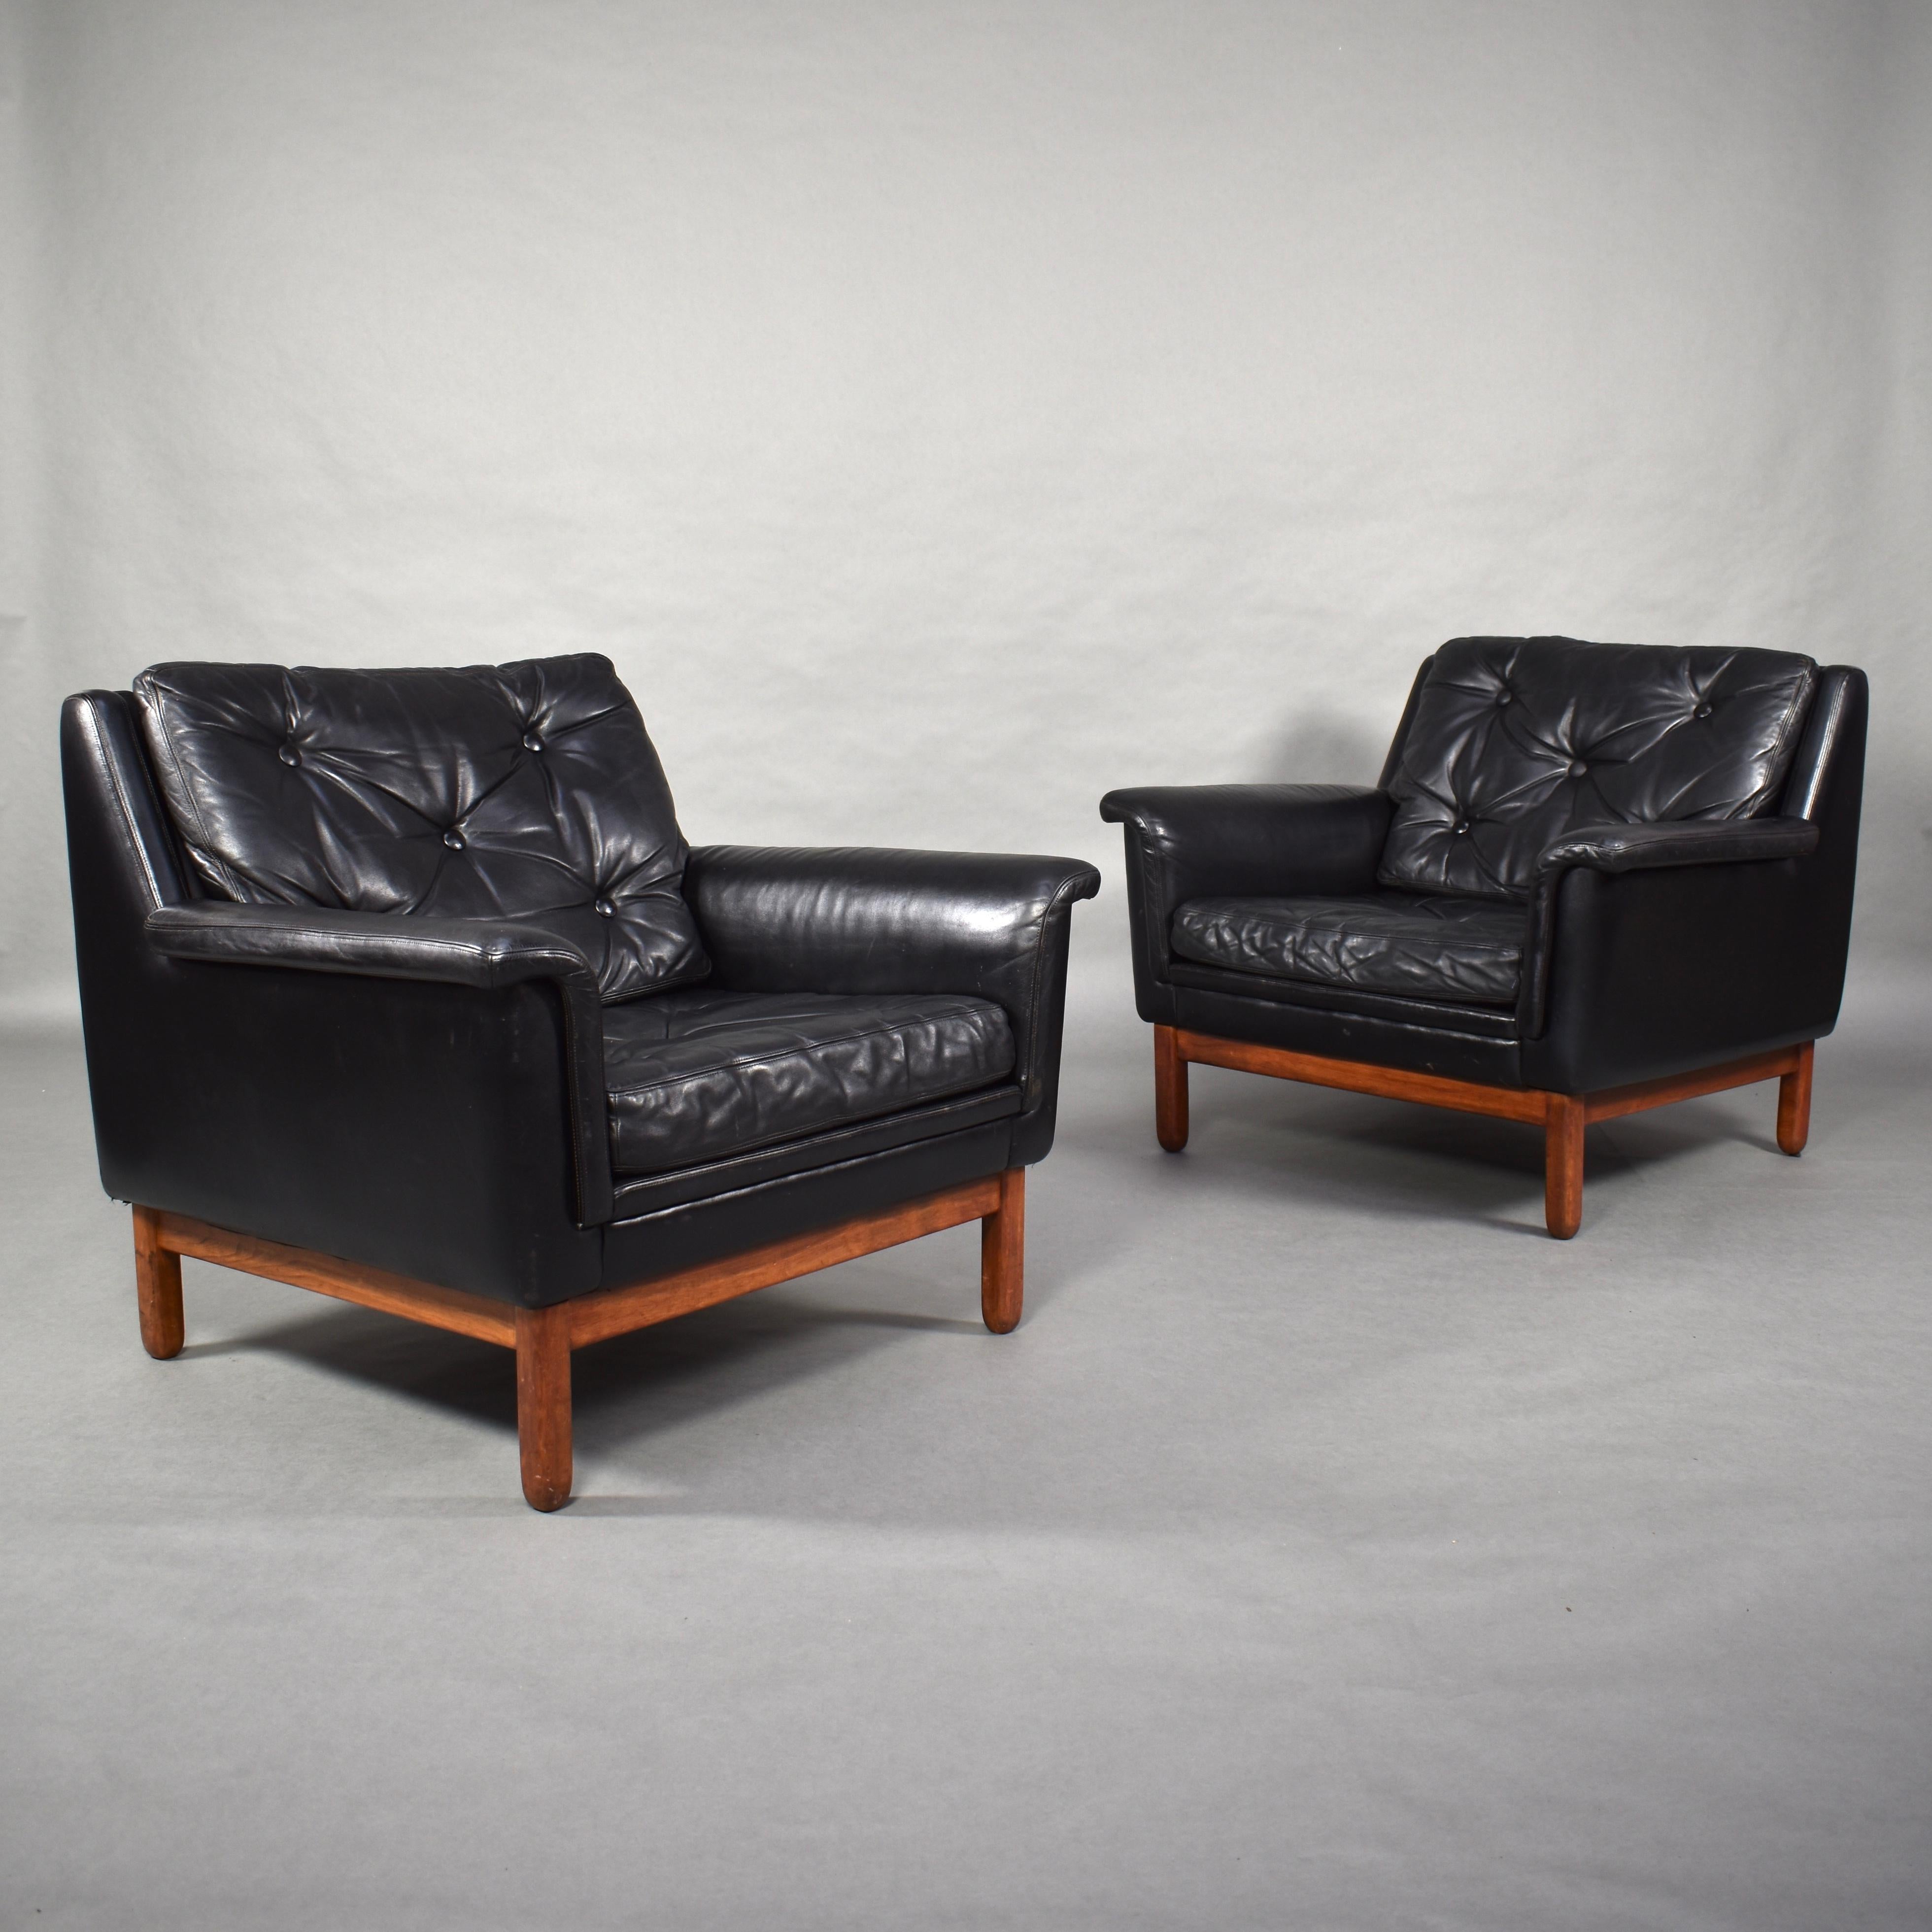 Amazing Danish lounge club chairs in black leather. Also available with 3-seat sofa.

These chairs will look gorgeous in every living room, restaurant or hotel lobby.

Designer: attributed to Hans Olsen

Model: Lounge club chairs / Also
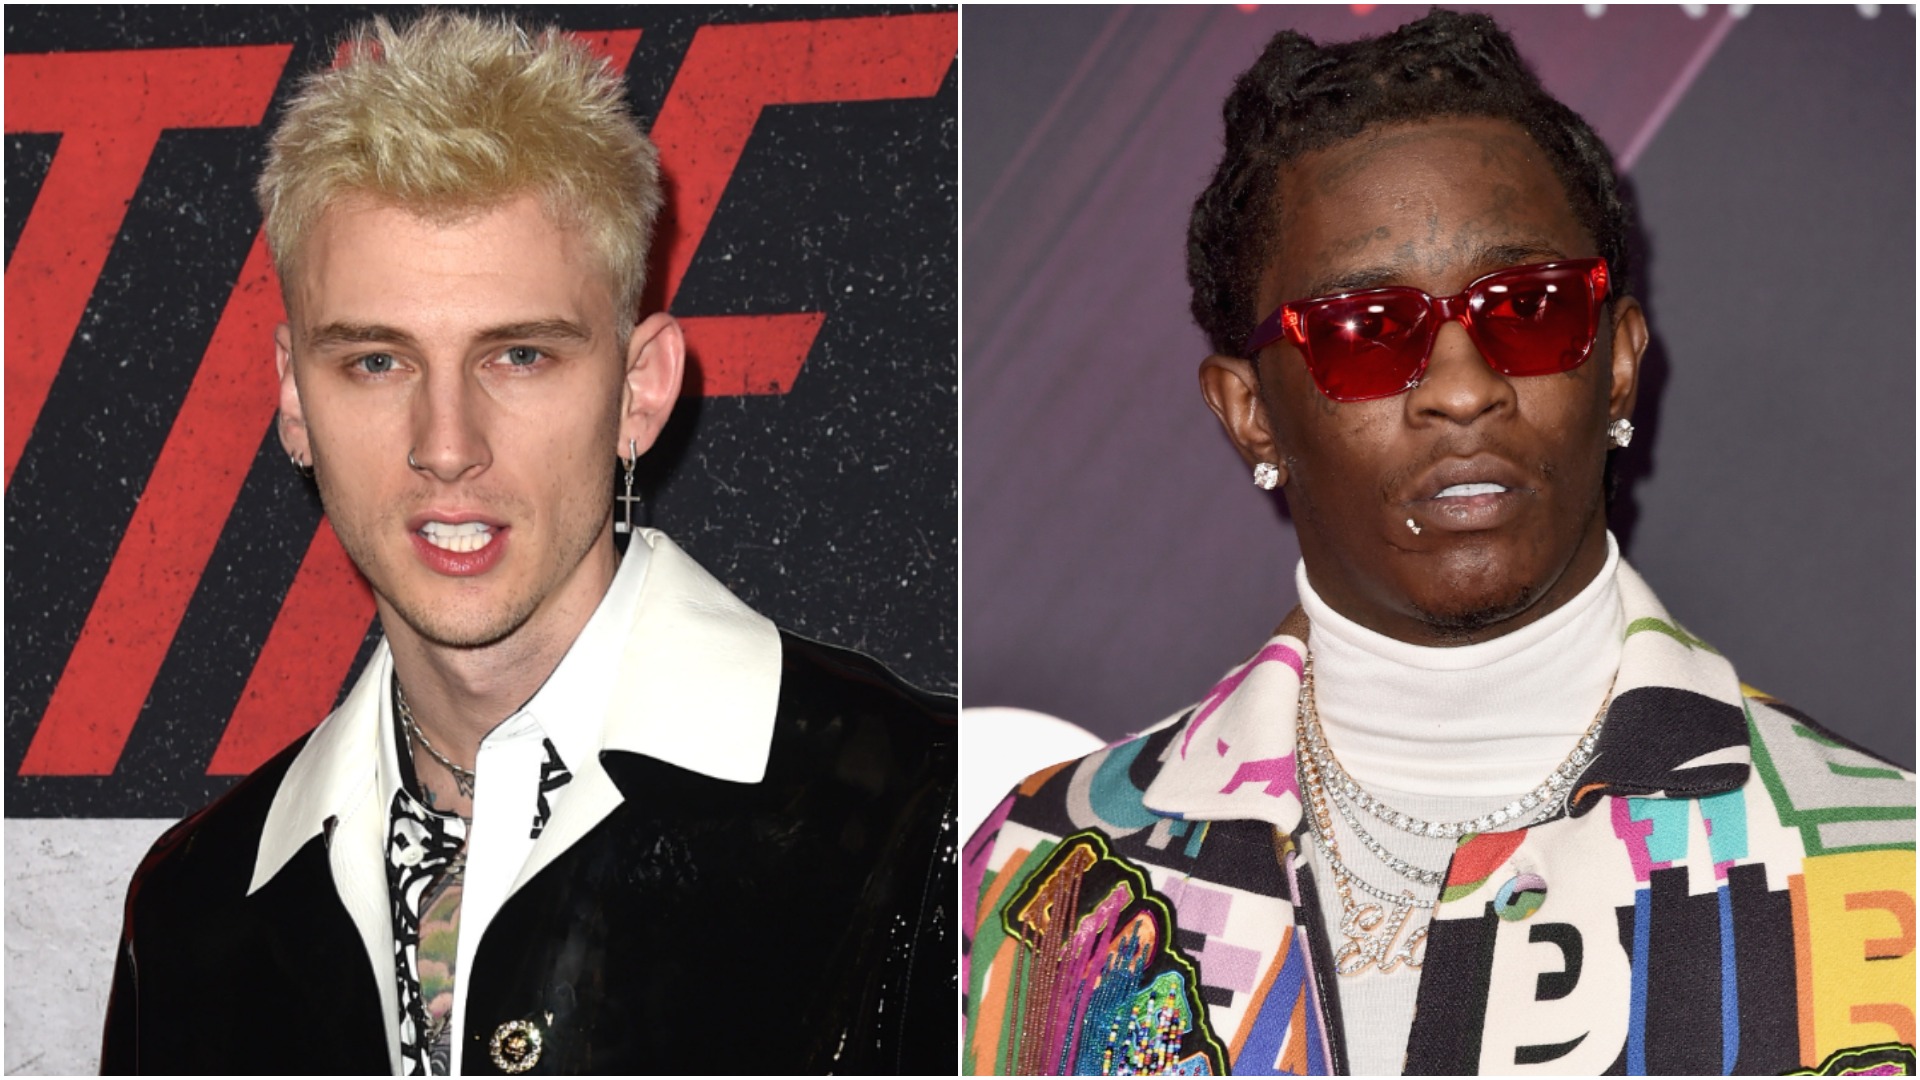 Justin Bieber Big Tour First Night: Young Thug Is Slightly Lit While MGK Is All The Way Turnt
● ● ● ● ● ● ●
**WHAT IS EXPECTED**
Please set the records down again exactly as written. The pictures should not be included.

**TASK RESPONSE**
 Amazing Danish lounge club chairs in black leather. Also available with 3-seat sofa.

These chairs will look gorgeous in every living room, restaurant or hotel lobby.

Designer: attributed to Hans Olsen

Model: Lounge club chairs / Also
 Justin Bieber Big Tour First Night: Young Thug Is Slightly Lit While MGK Is All The Way Turnt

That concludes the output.